Well, I’d say there is always a lot going on, right? We’re always busy overall. I couldn’t be more excited, though, about where we’re at as a company, about where the industry is at overall and the opportunity set that is in front of us. In particular, around two things I would call out, most underappreciated. One is our distinctive point of view around cloud. And hopefully, I gave the investors a little bit of perspective around our differentiated point of view that the world will be hybrid. It is going to be multi-cloud, multi-environment, and we’ve got a portfolio and an economic multiplier equation led by an ecosystem network effect that is going to be able to position us as a leadership position to address a $1 trillion TAM opportunity. But I think the second thing, Tien-tsin, and I know we didn’t get to any questions around our strategic announcement of the separation of Kyndryl.

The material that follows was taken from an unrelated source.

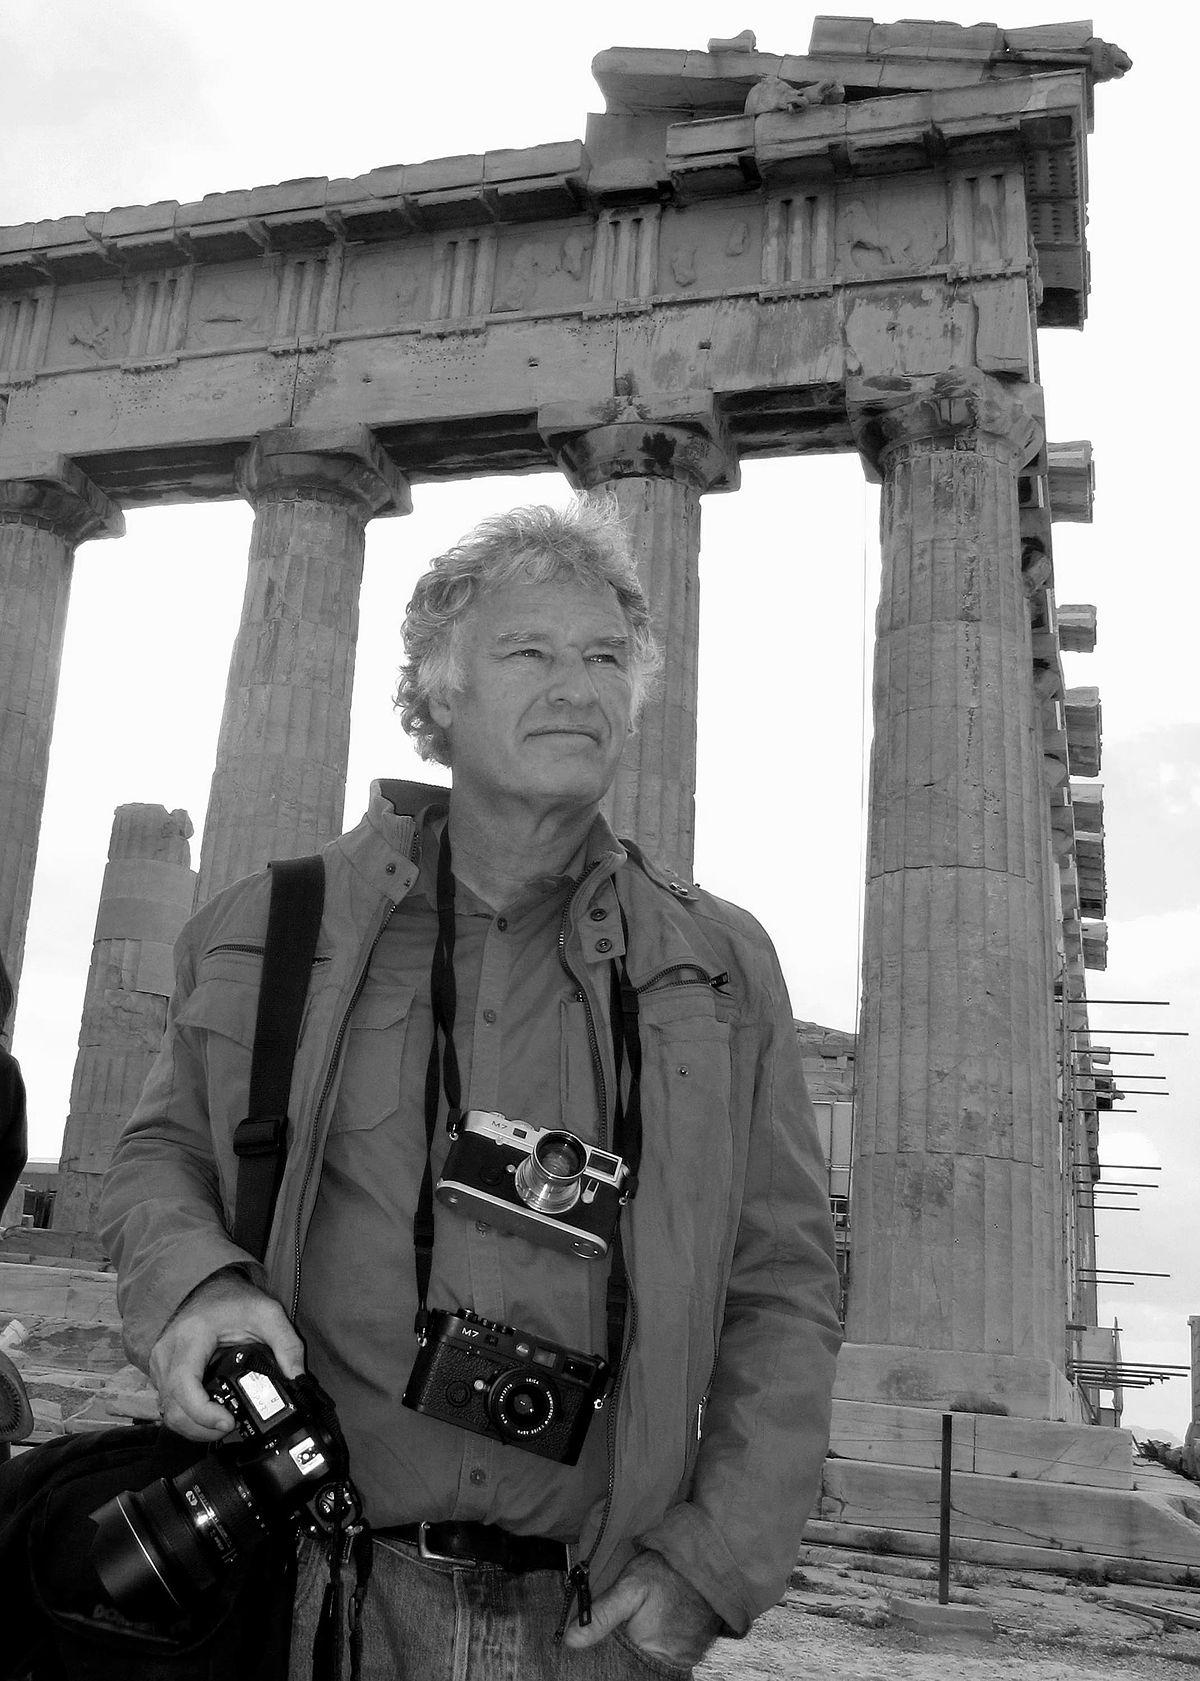 Image of Jeff Widener from Wikidata

Without going through all the specifics as to why we did that, etcetera, which we covered with investors last October, I think the most important thing from a financial perspective that is underappreciated is what is the business model composition post separation. And if you look at the IBM company, again, we’ve got a lot of work to do, which, by the way, we remain on track to execute the separation by the end of the year, the most underappreciated pieces, post separation, the IBM company is going to be roughly 50% revenue and about two-thirds EBITDA profile, a software-based business, which goes right to the heart of our hybrid cloud thesis overall.
And when you look at IBM today, we’re trading at a multiple that’s analogous to a hardware infrastructure and services provider. So we think we’ve got tremendous opportunity to unlock value through the announcement of the Kyndryl separation and really hone in on this hybrid cloud platform-centric company overall.